* _Work to be completed_: What is needed is a verbatim copy of the data, minus the pictures.

Start of Given data

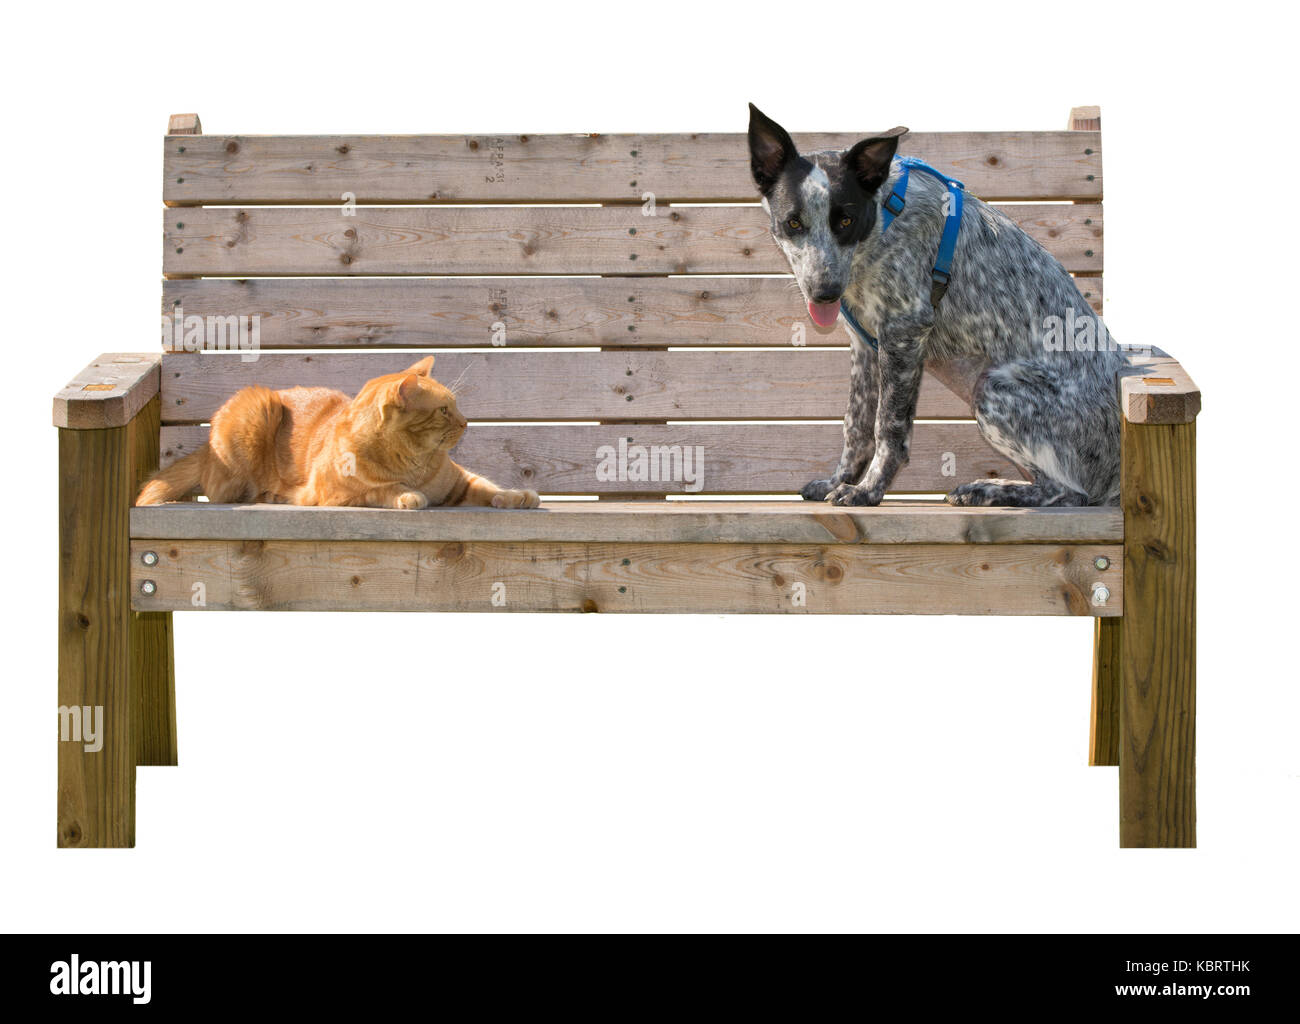 Lo zenzero tabby cat e una in bianco e nero spotted dog seduto su una panca in legno, isolato su bianco Foto Stock
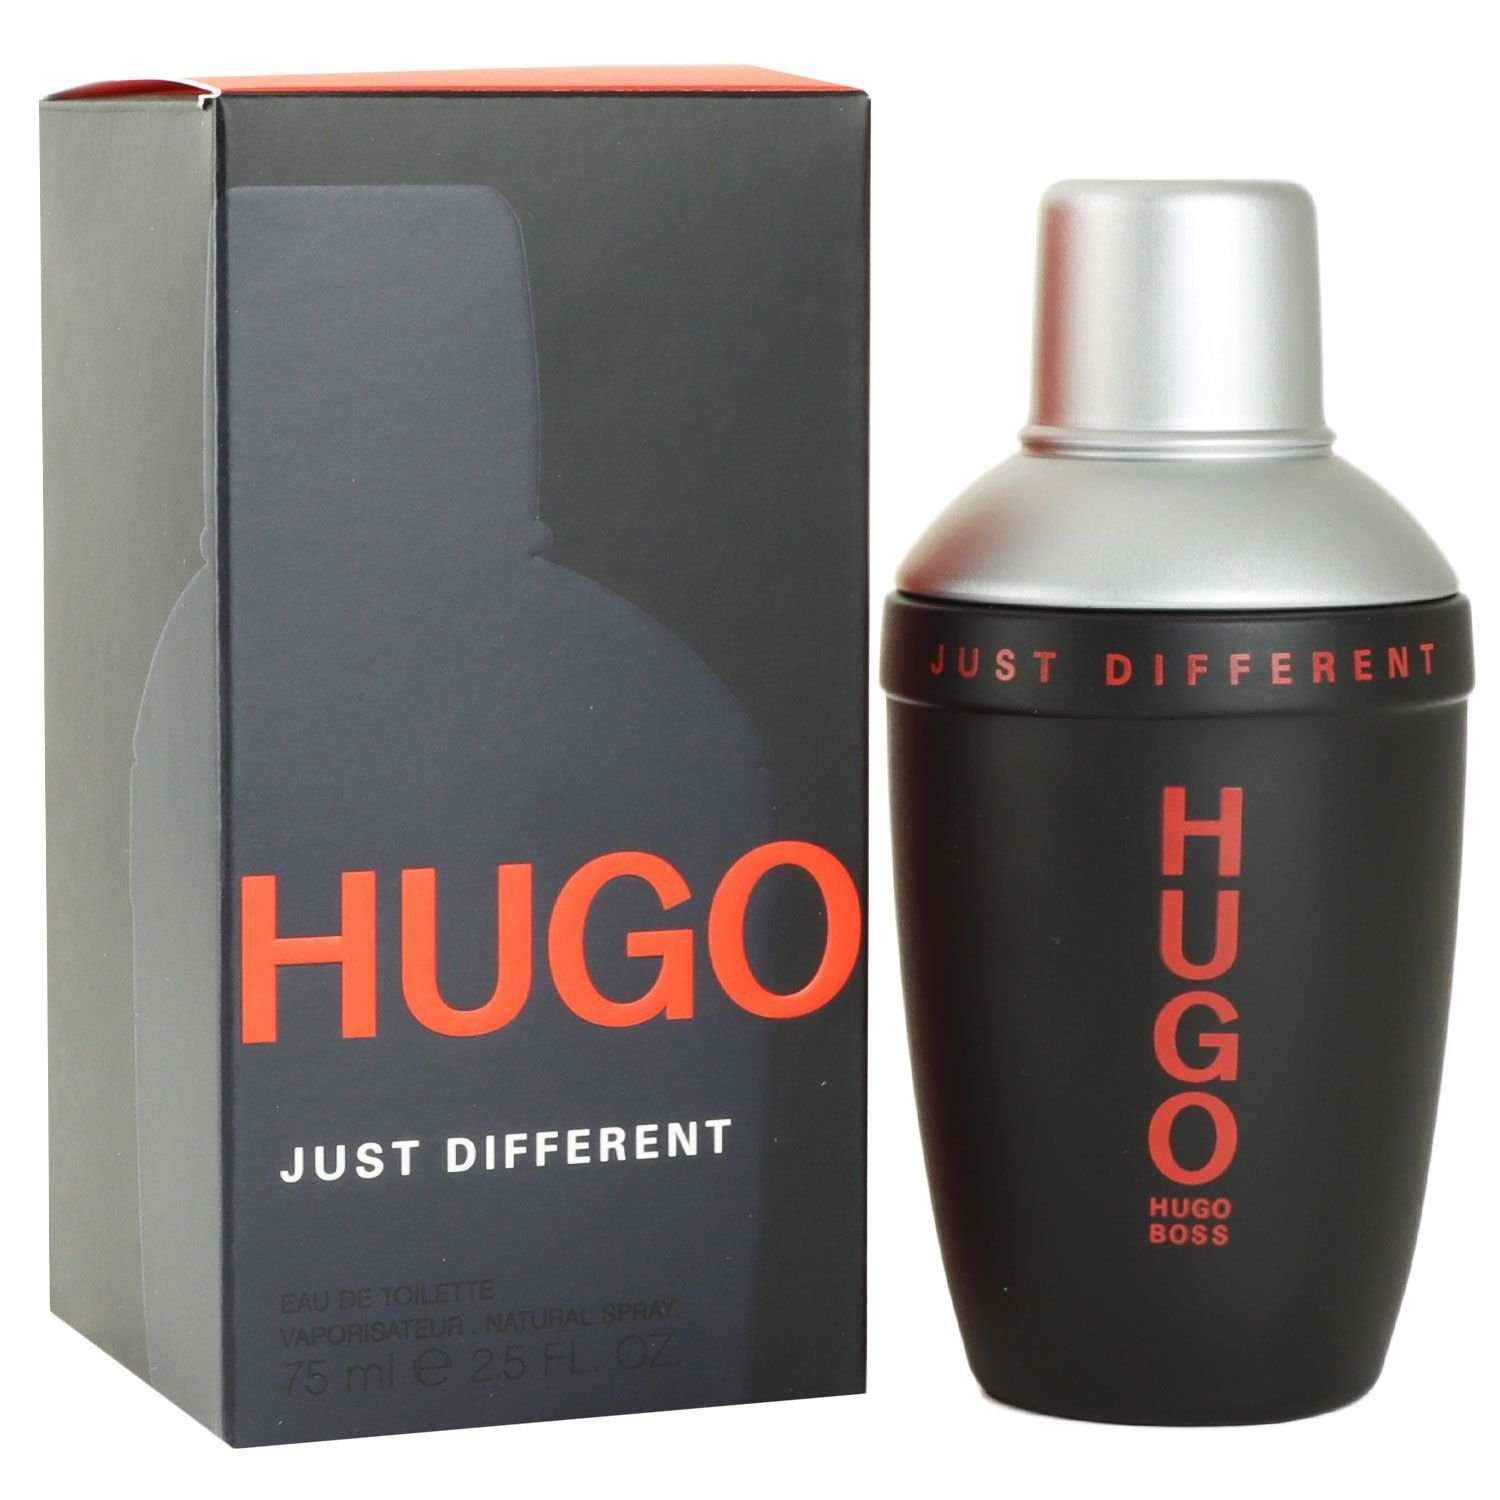 Hugo Different de Just ml Eau 75 HUGO Toilette
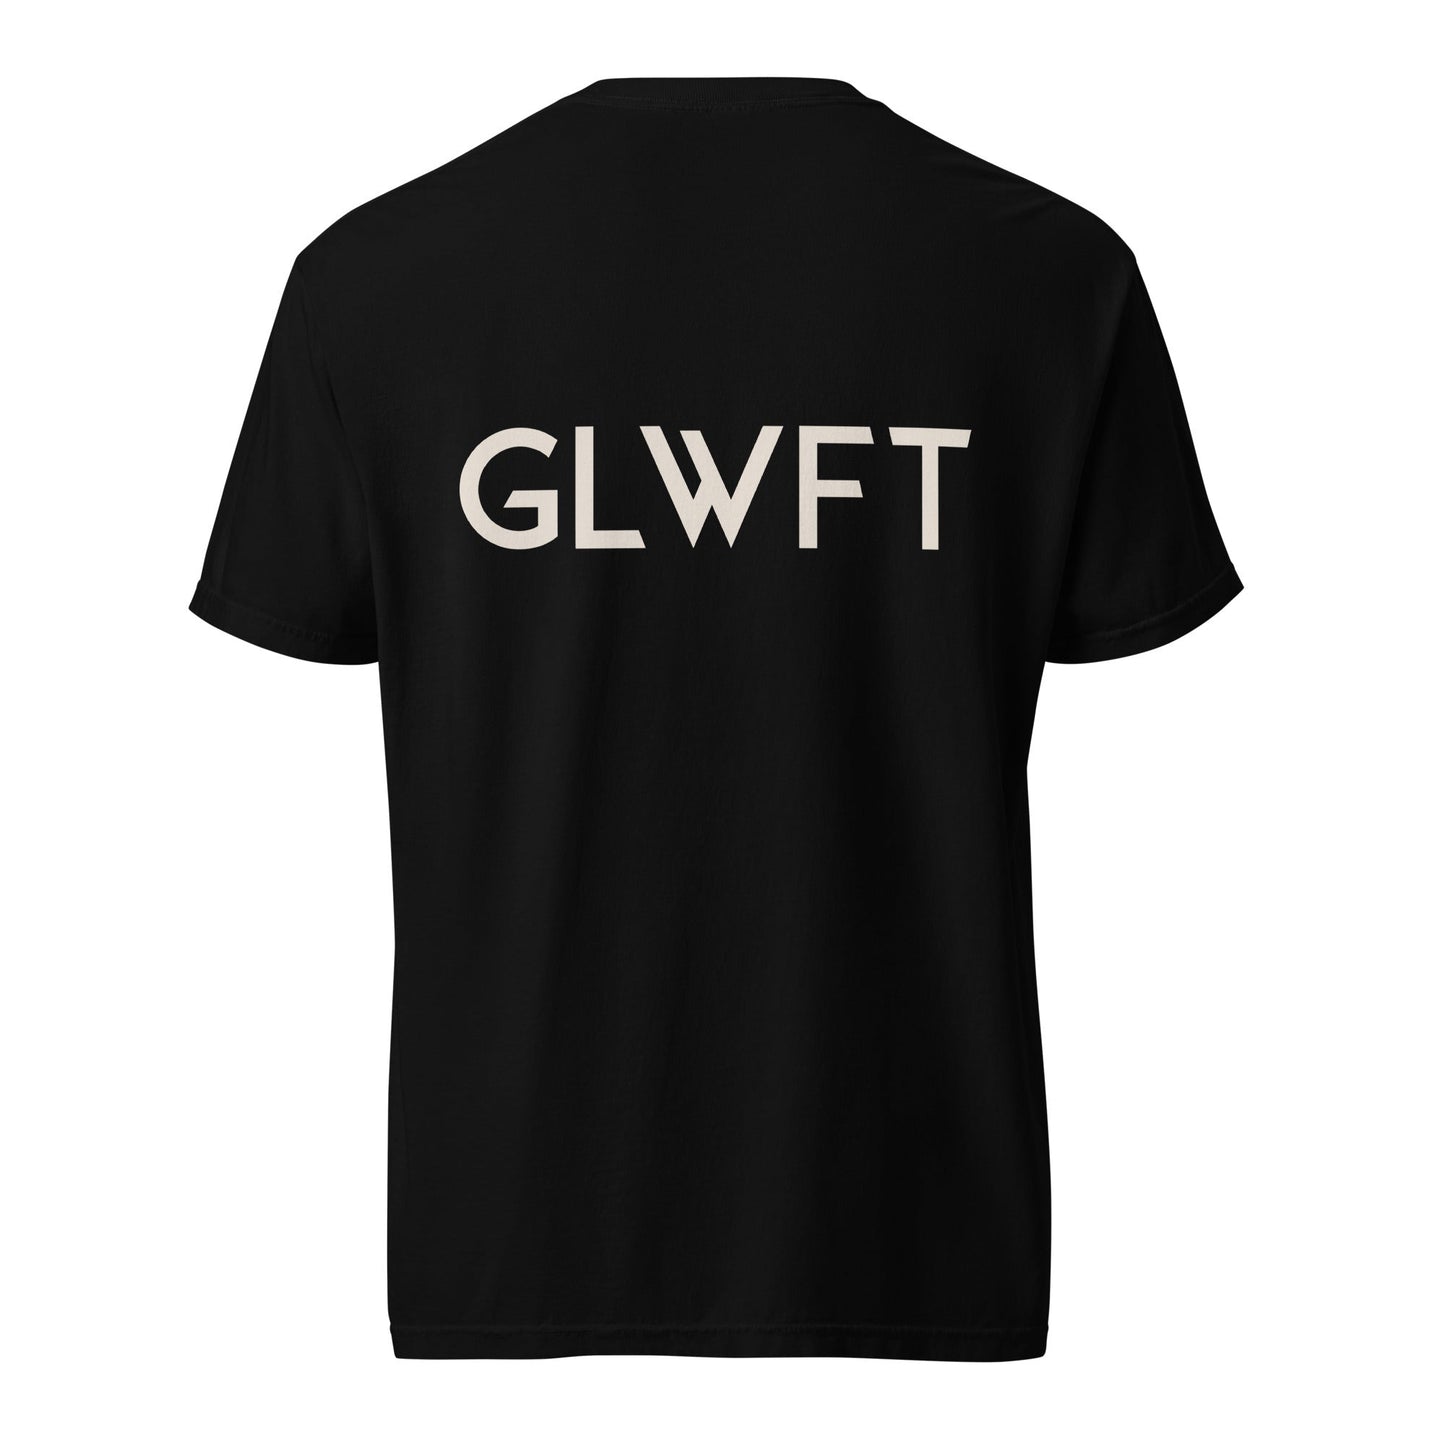 GLWFT Garment-Dyed Heavyweight T-Shirt - glwft.com

End of Given data

* _Finished task_:
 Lo zenzero tabby cat e una in bianco e nero spotted dog seduto su una panca in legno, isolato su bianco Foto Stock
 Hugo Different de Just ml Eau 75 HUGO Toilette
 GLWFT Garment-Dyed Heavyweight T-Shirt - glwft.com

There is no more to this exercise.